* THE TASK:
Would you please return only the lines from the one with "Modern senior portraits" through the last line of the records below, leaving the pictures out?

* DATA SECTION:
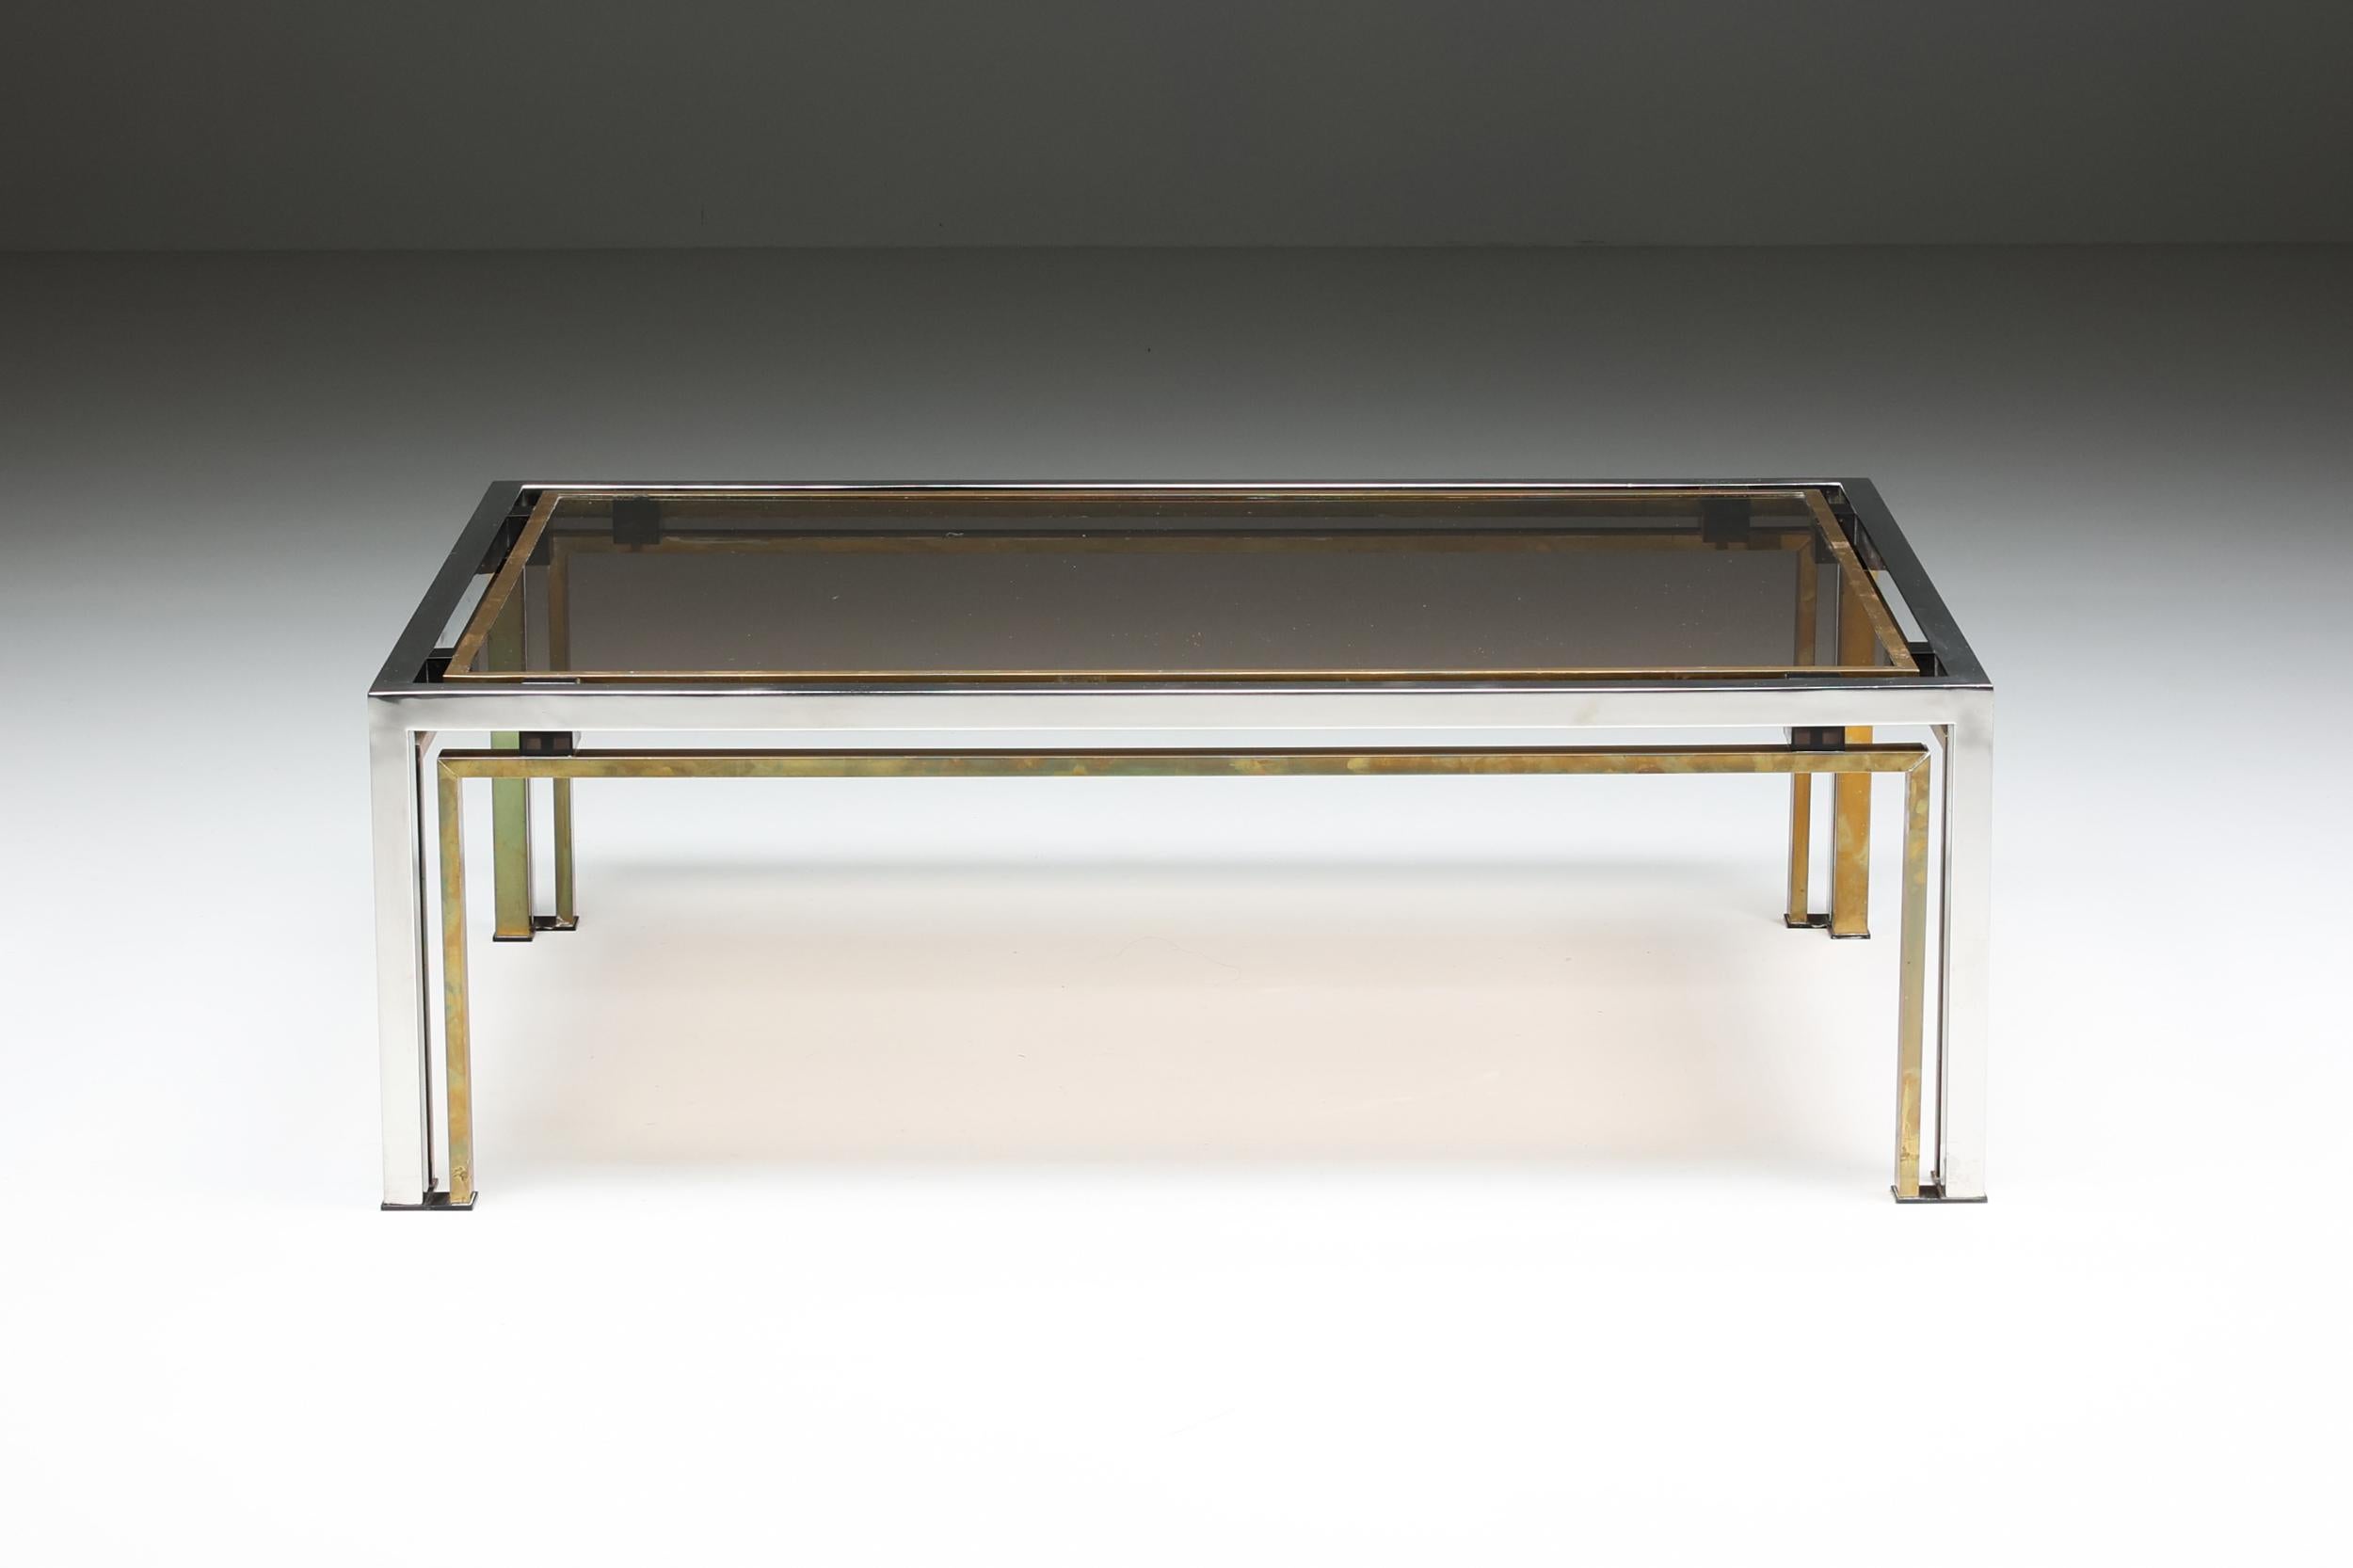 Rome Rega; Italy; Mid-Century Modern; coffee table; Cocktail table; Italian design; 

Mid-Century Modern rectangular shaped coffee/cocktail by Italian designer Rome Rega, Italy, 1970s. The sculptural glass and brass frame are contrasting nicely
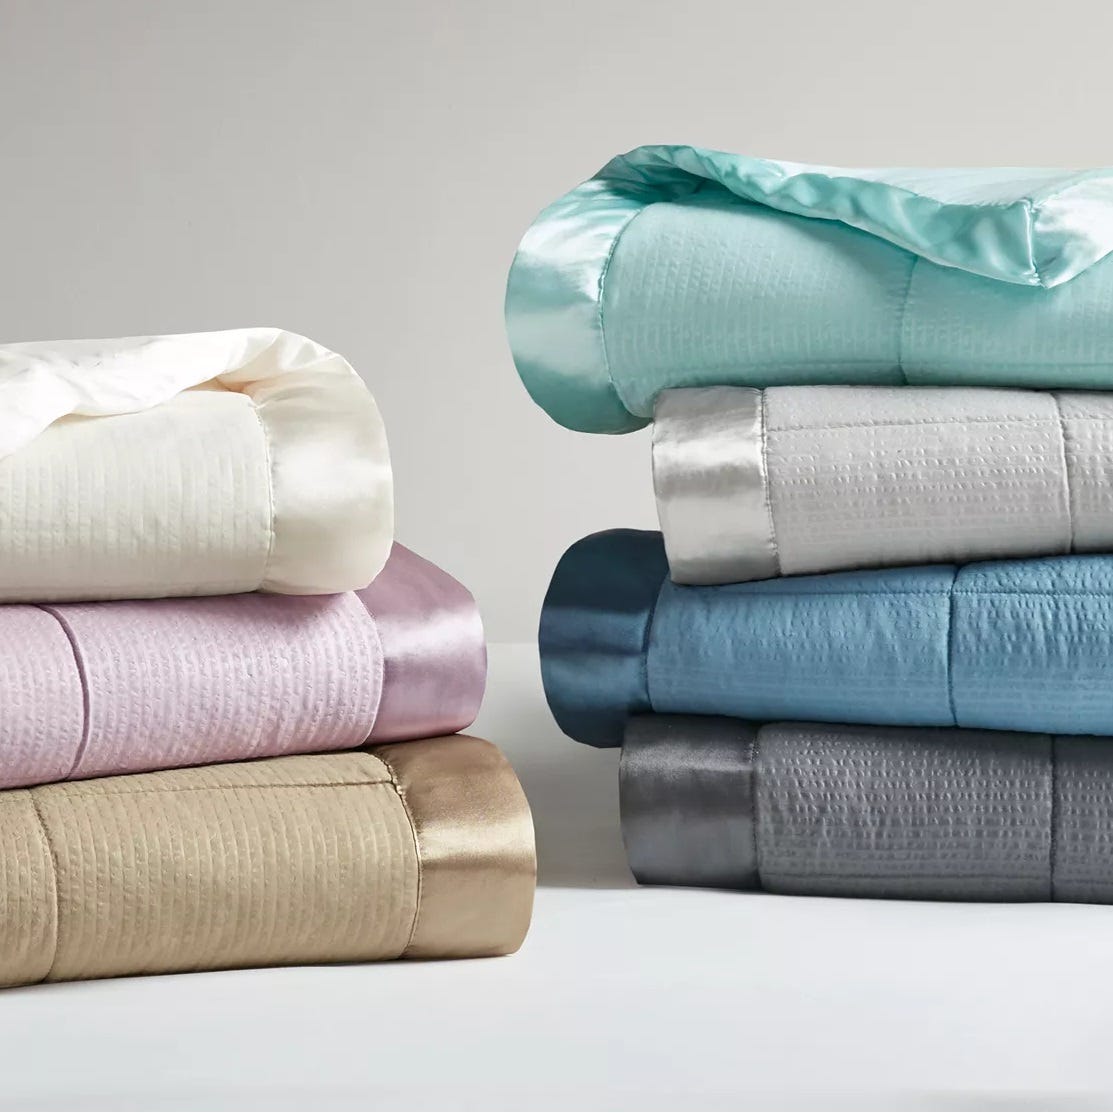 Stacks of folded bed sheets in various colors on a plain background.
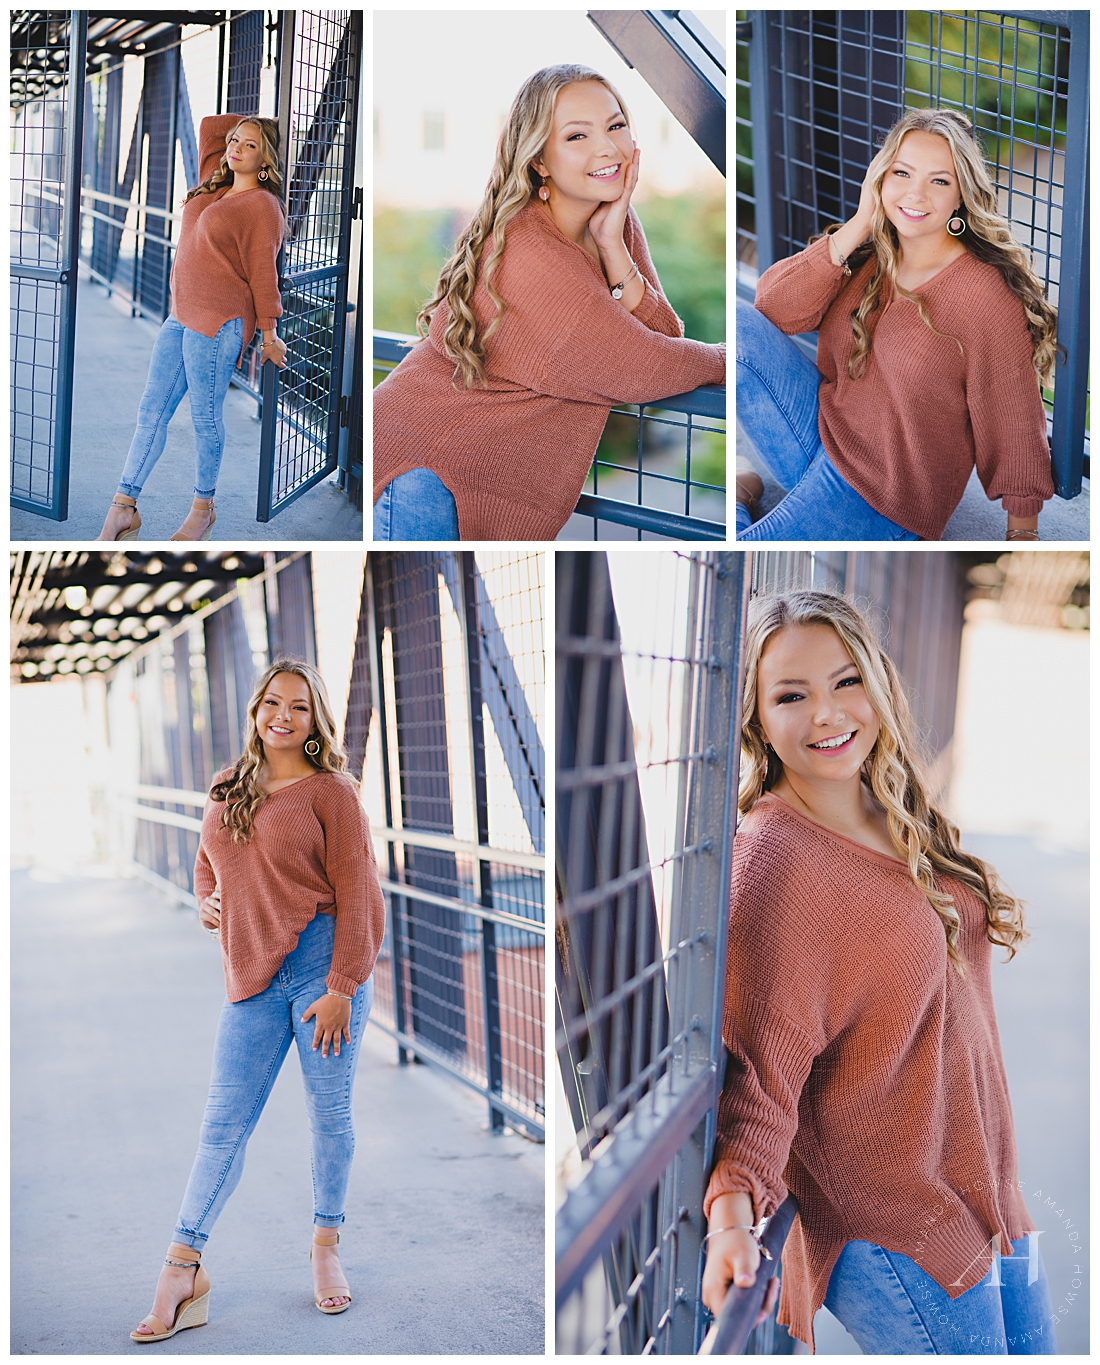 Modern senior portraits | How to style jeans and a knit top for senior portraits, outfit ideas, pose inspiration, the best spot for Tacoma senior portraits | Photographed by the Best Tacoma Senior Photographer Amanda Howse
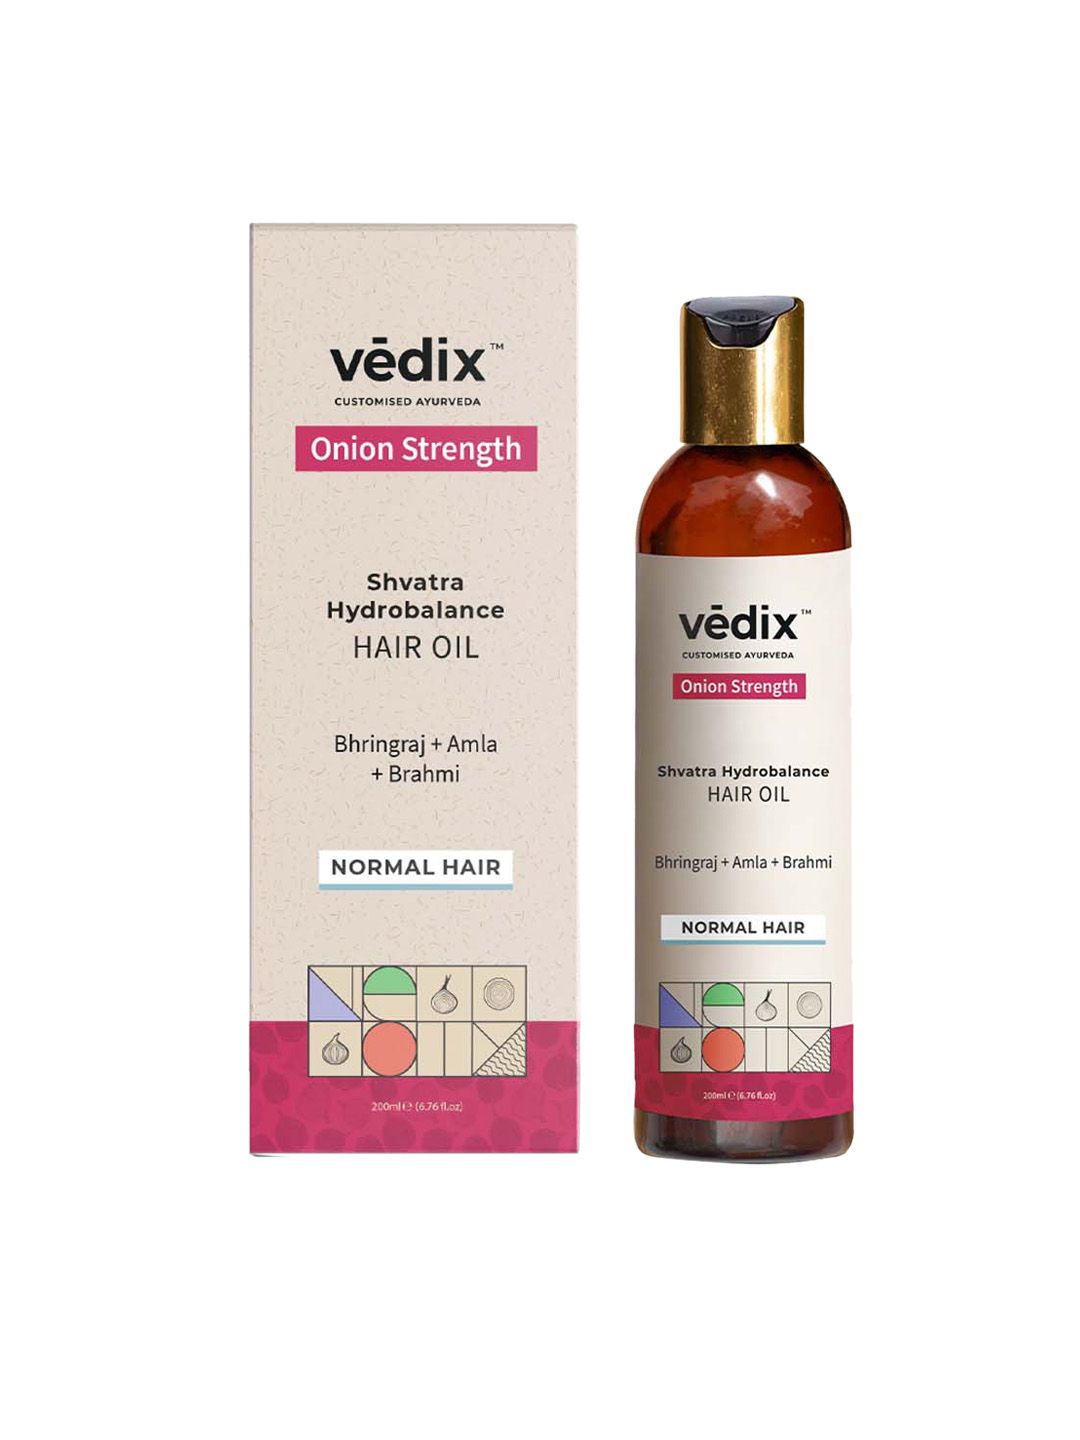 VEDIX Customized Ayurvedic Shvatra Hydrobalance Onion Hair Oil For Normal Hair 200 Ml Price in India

* SOLUTION TO THE EXERCISE:
 Modern senior portraits | How to style jeans and a knit top for senior portraits, outfit ideas, pose inspiration, the best spot for Tacoma senior portraits | Photographed by the Best Tacoma Senior Photographer Amanda Howse
 VEDIX Customized Ayurvedic Shvatra Hydrobalance Onion Hair Oil For Normal Hair 200 Ml Price in India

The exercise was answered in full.